— Десять тысяч долларов хватит?
— Думаю, вполне. И учти: платишь за результат. Ежели его не будет…
— Не рви сердце, Сема! Лучше заплатить.
— Тогда собирай Арика в дорогу. Прилетишь в Москву, звони. Сообщи, когда будешь в Минске. Я вышлю «скорую» в аэропорт.
— Понял! Жди.
Короткие гудки в трубке…
[1] Слова Ю.Кима.
[2] По тогдашним правилам прописать в Минске не члена семьи разрешалось, если имелось 9 кв. метров свободной жилой (не общей!) площади в квартире. В типовых однокомнатных квартирах площадь единственной жилой комнаты составляла от 16 до 17 кв. метров.
[3] По правилам тех лет, если у семьи подходила очередь на квартиру, наличие беременности у жены учитывалась при определении площади выделяемого жилья.
[4] Специально для тех, кто не знает реалий СССР. Продать квартиру в 1990 году было невозможно, даже кооперативную. Для этого общее собрание кооператива должно было принять в него нового члена. На такое соглашались только в случае обмена жилья или прописки в нем близкого родственника. В противном случае отказывали напрочь. Дело в том, что внутри кооператива существовала собственная очередь на жилье, освободившуюся квартиру распределяли в соответствии с ней. Попробуй отбери ее для чужака! Бывшему владельцу всего лишь возмещали уплаченные за квартиру деньги.

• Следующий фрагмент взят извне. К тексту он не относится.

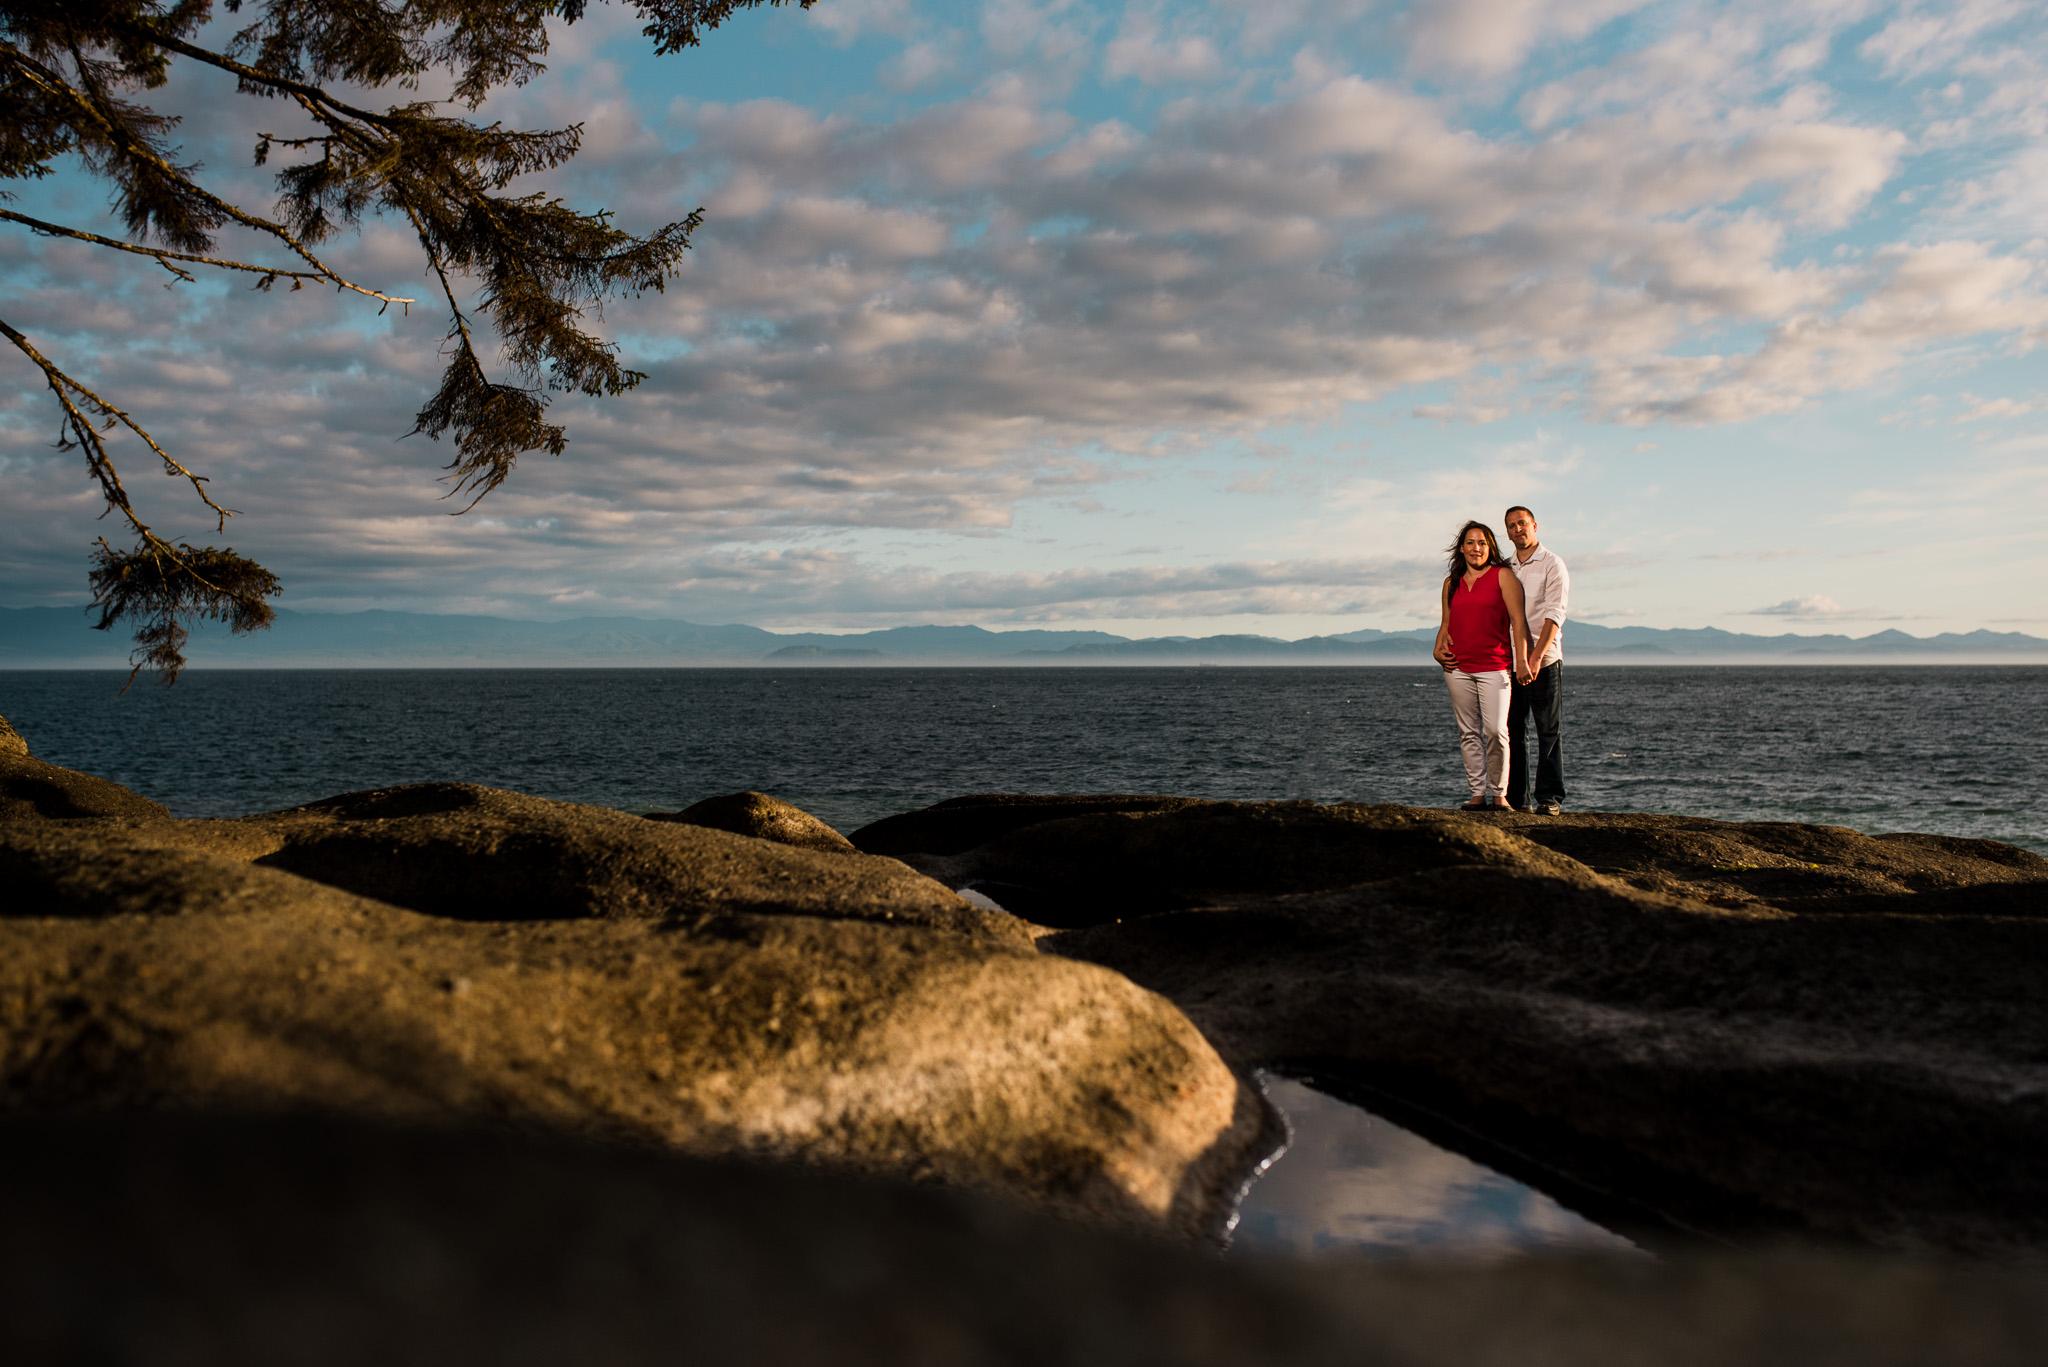 victoria-wedding-photographer-sandcut-beach-engagement-12.jpg
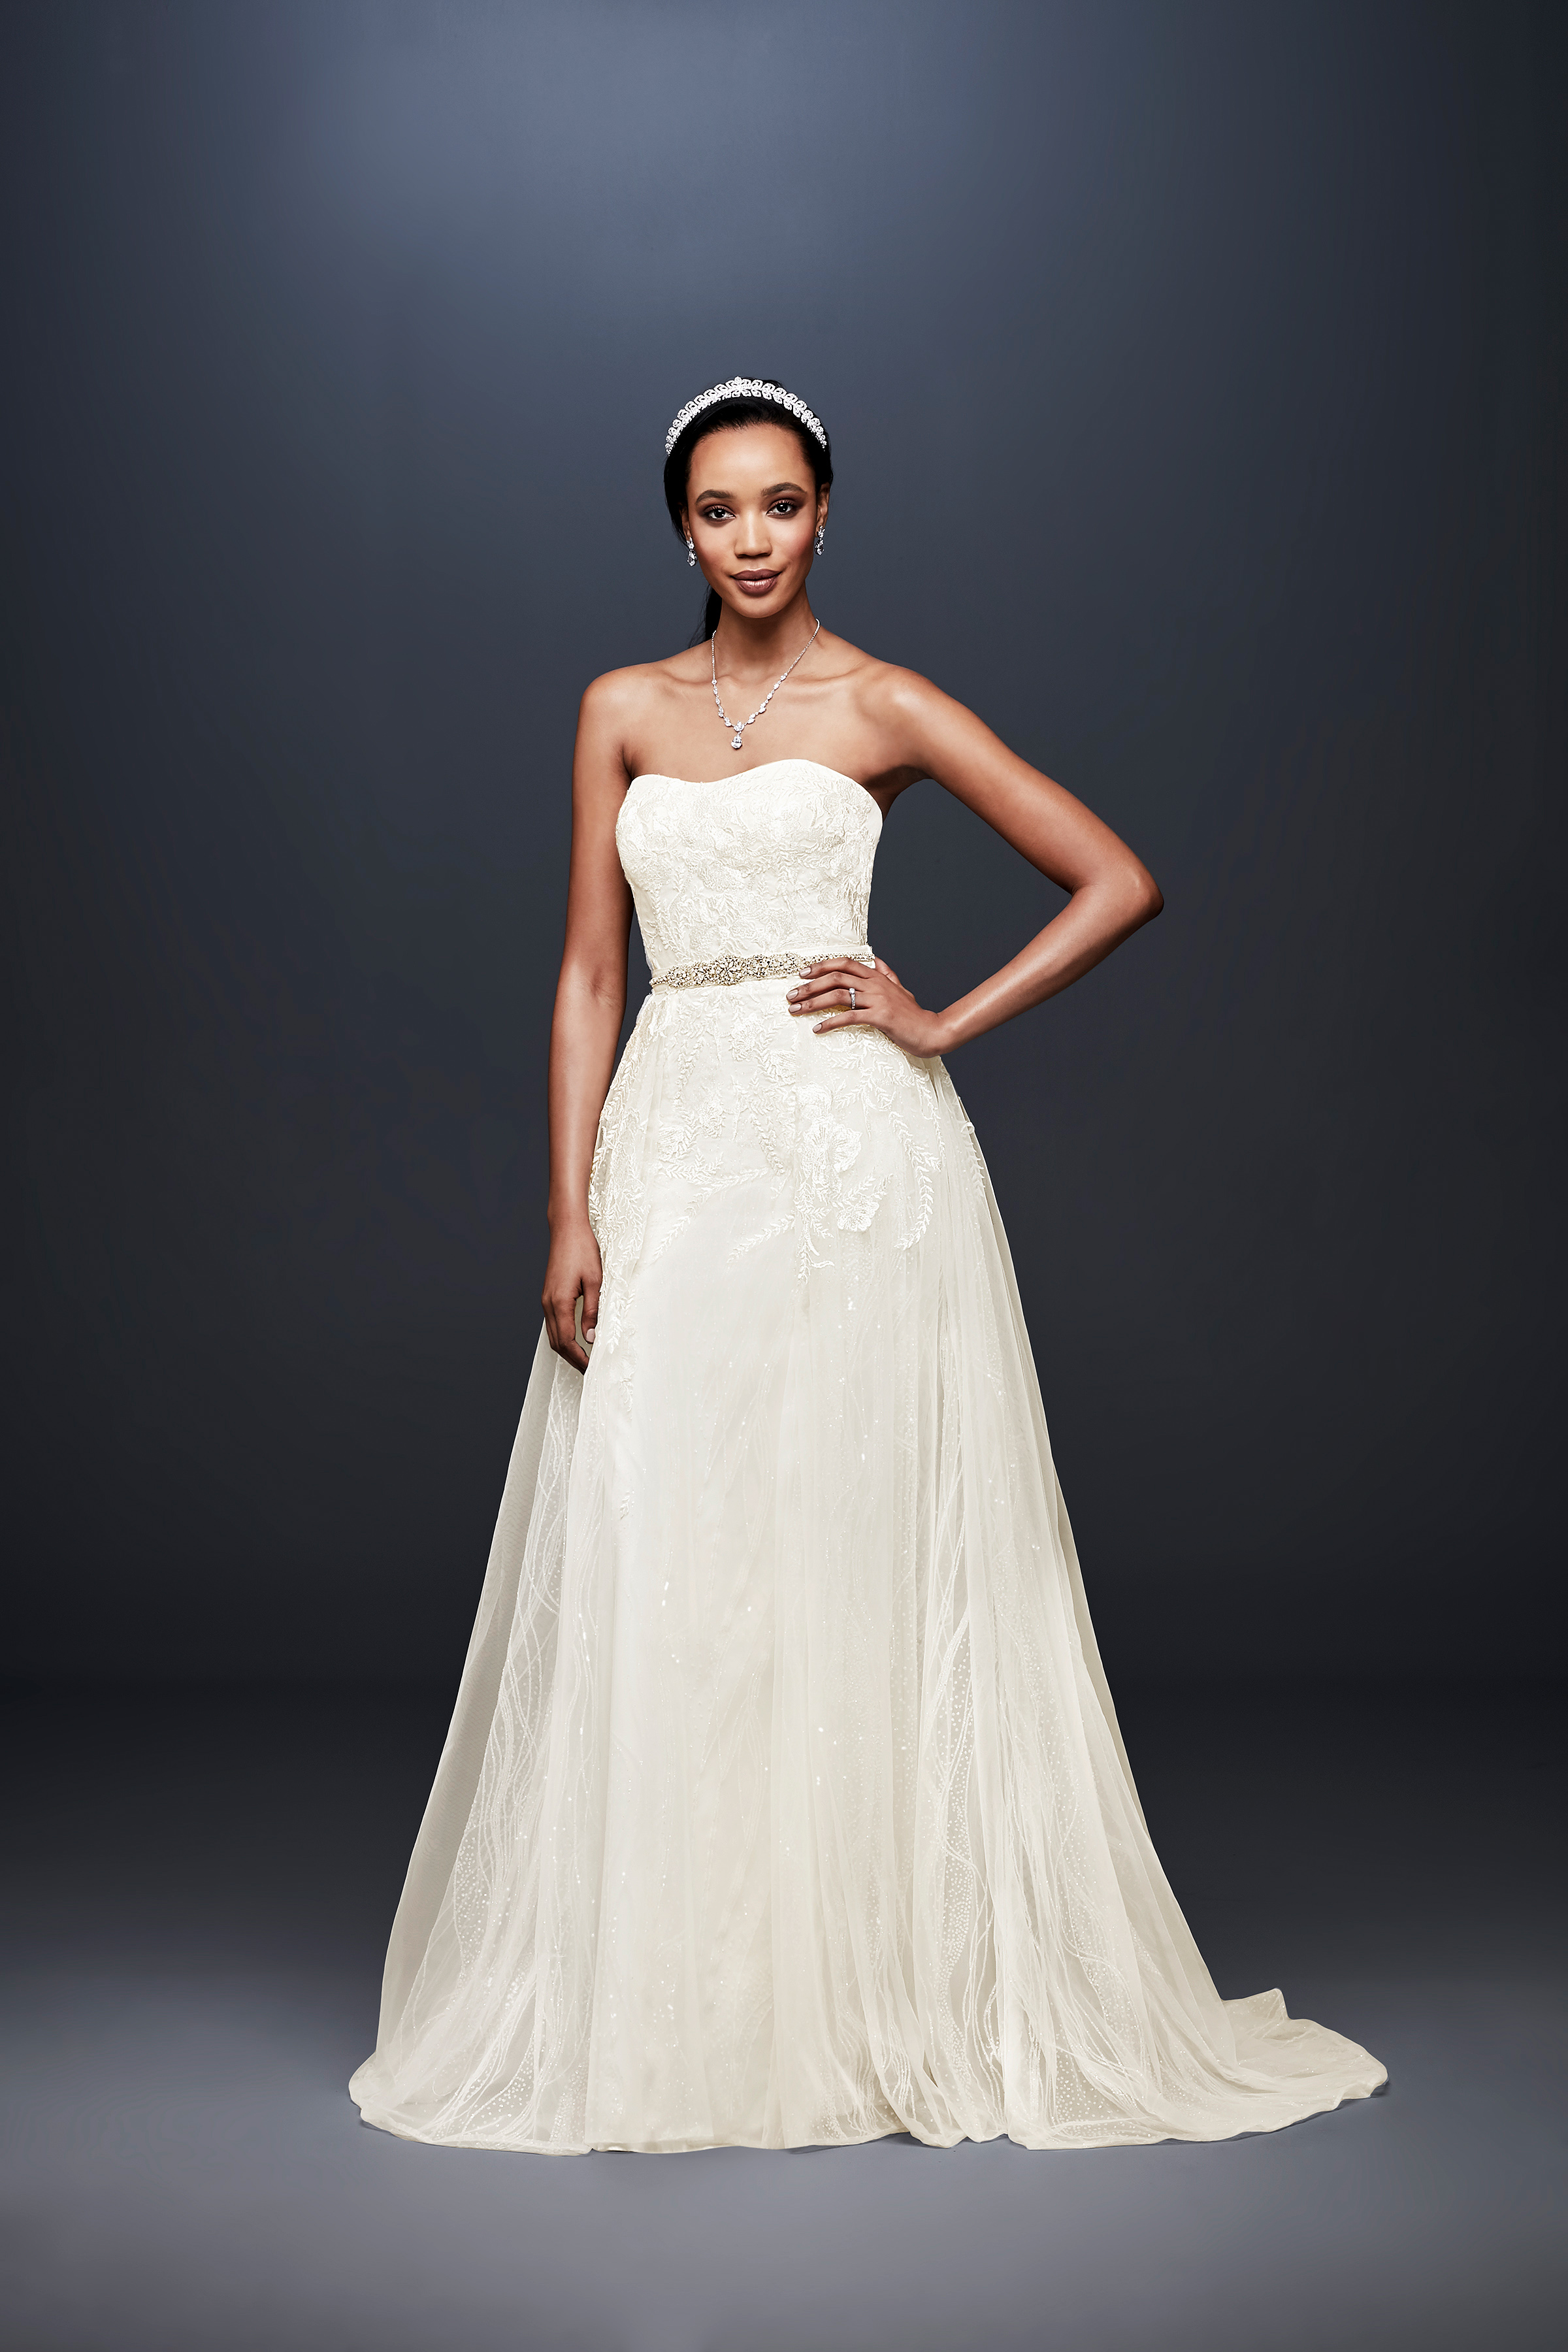 david bridal wedding dress spring 2019 strapless a-line sweatheart

[5] В то время между СССР и Израилем не было дипломатических отношений, разорванных по инициативе СССР в 1967 году. Их восстановят только в конце 1991 года. Интересы Израиля в СССР предоставляло посольство Нидерландов, советские в Израиле — финское посольство. При них с 1988 года работали делегации СССР и Израиля, готовившие почву для восстановления дипломатических отношений.
Глава 14
14.
Дебют в детском онкологическом отделении прошел успешно. Мы с Викой сыграли роли Деда Мороза и Снегурочки — в переносном смысле, конечно. Белые халаты, шапочки, хирургические маски — это не театральные костюмы. В остальном — аналогично. Заходили в палаты, угощали деток, и, пока те трущили гостинцы, я работал. Где-то приходилось задерживаться. Я давал знак Вике, и она заводила с детками разговор. Ей читали стихи, рассказывали о родителях, родной деревне или городе. С радостью. Пребывание в палате тяжко даже взрослым, а тут дети. Им бы бегать, прыгать, а не томиться в четырех стенах. Почему б не пообщаться с доброй тетей? У нее такие вкусные конфеты и печеньки!
Из второй палаты Вика вышла с влажными глазами.
— Сердце рвется, — объяснила в коридоре. — Когда знаешь…
— Соберись, милая! — сказал я. — А за них не беспокойся: выживут. У меня, кажется, выходит.
— Постарайся, Миша! — попросила она. — Тяжело на них смотреть.
Мне тоже. Когда видишь эти лысые головенки — волосы выпали после химиотерапии, бледные личики, погасшие глаза… Я-то почти сразу перехожу на внутреннее зрение, устремляя его к пораженным органам, а вот Вике приходится таращиться. Отводить взгляд нельзя — дети чувствуют фальшь, а еще нужно улыбаться…
В палату к наиболее тяжелым пациентам нас не пустили — карантин. Иммунитет у детей после химиотерапии никакой, еще схватят инфекцию. К счастью, там имелось окно в коридор. Постоял у него, поработал. Далось трудно. Во-первых, расстояние, во-вторых, терминальная стадия. Организм человека лечит себя сам, лекарства только облегчают задачу. Так было с моим прежним воздействием. Но не в случае рака. Здесь клетки сходят с ума и начинают уничтожать органы человека. Привести их в чувство, воротить прежний алгоритм поведения оказалось нелегко. На привычное воздействие холодом они не реагировали. Пришлось нырять глубже, на клеточный уровень и там разбираться. Получилось не сразу, но пошло. Красный цвет пораженного органа начинал сменяться голубым, причем, как оказалось, достаточно запустить процесс, дальше он идет сам. Уловив эту особенность, я стал действовать по шаблону. Запустил, проконтролировал, занялся другим пациентом. Если что не так, вернусь и повторю.